Süßwaren an der Kasse
  • In der Kassenzone ist eine Flächenproduktivität von bis zu 35.000 Euro pro Jahr und qm zu erzielen.
  • Auf 1 Prozent der Verkaufsfläche werden bis zu 7,1 Prozent des Gesamtumsatzes generiert. Tendenz steigend . 2010 lag der Wert bei 6,4 Prozent, 2004 waren 4,8 Prozent
  • Nach den Tabakwaren sind es die Süßwaren, die den größten Anteil am Ertrag der Kassenzone bringen (22,2 Prozent).
  • Umsatzanteil von Nonfood liegt bei rund 13 Prozent.

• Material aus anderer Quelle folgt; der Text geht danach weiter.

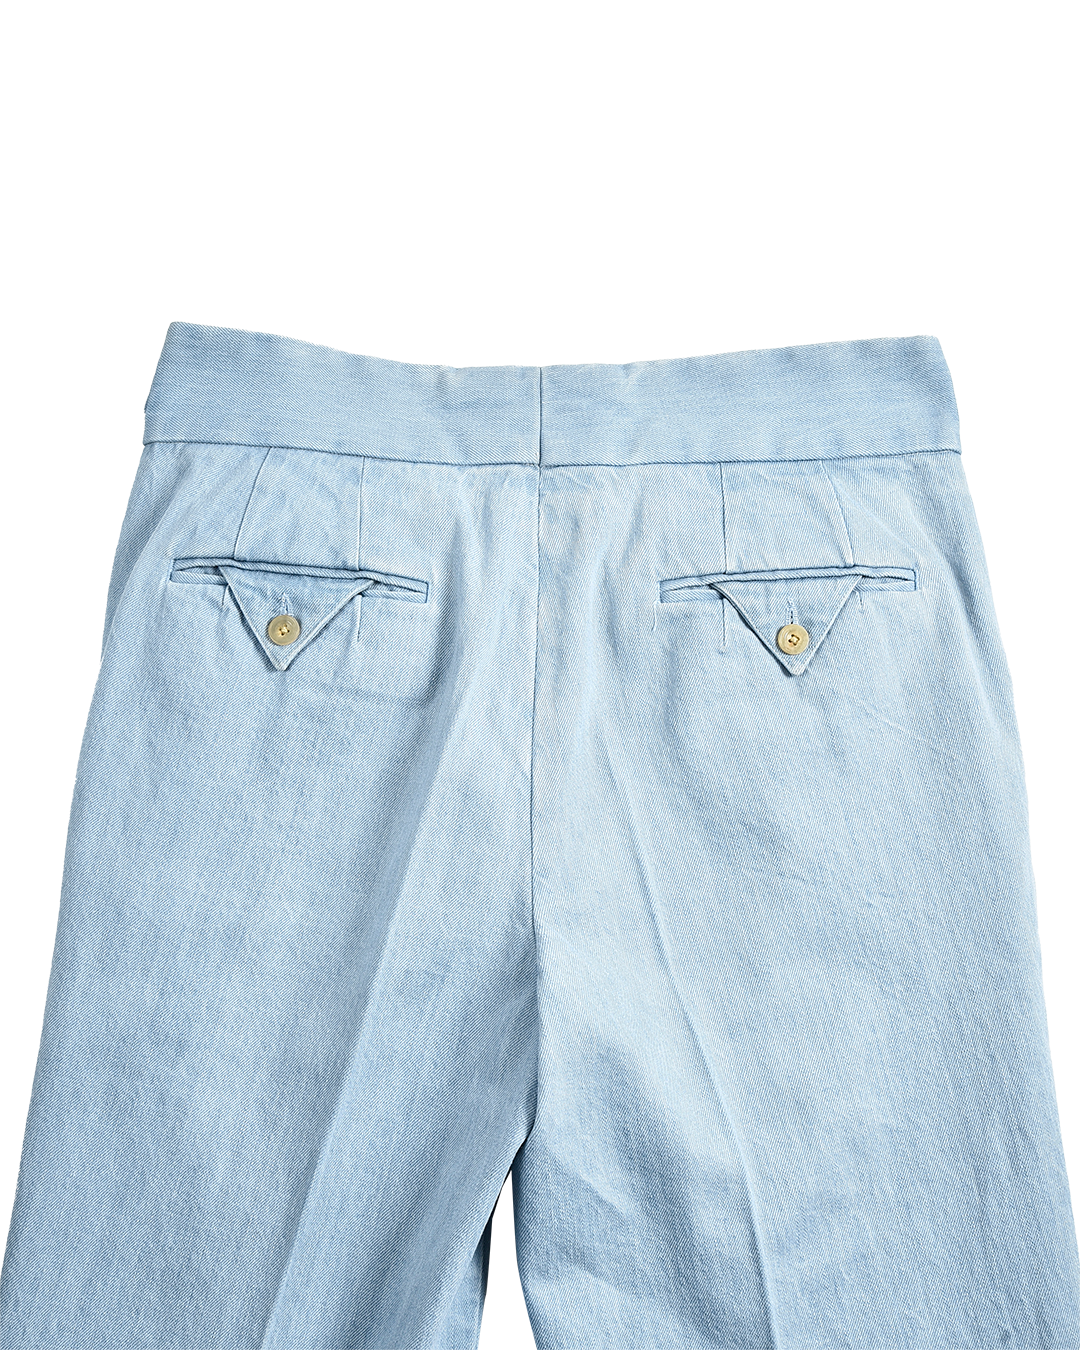 Gurkha Pant in Fade Washed Blue Selvage With Turquoise Tint

  • Die Handelsspanne für Süßwaren an der Kasse liegt bei 31,4 Prozent (Durchschnitt: 12,4 Prozent), ist gut dreimal größer als bei Tabakwaren (9,2 Prozent) und beträgt mehr als das Doppelte der Handelsspanne der übrigen Nonfood-Artikel (14,7 Prozent).
  • Kaugummi ist mit 44 Prozent Umsatz- und mit 51 Prozent Ertragsanteil führend unter den Süßwaren.
  • Potenzial ist gegeben denn bislang kaufen nur 15 Prozent der Kunden regelmäßig ein oder mehrere Produkte an der Kasse. 85 Prozent sind Gelegenheitskäufer oder Kassenverweigerer.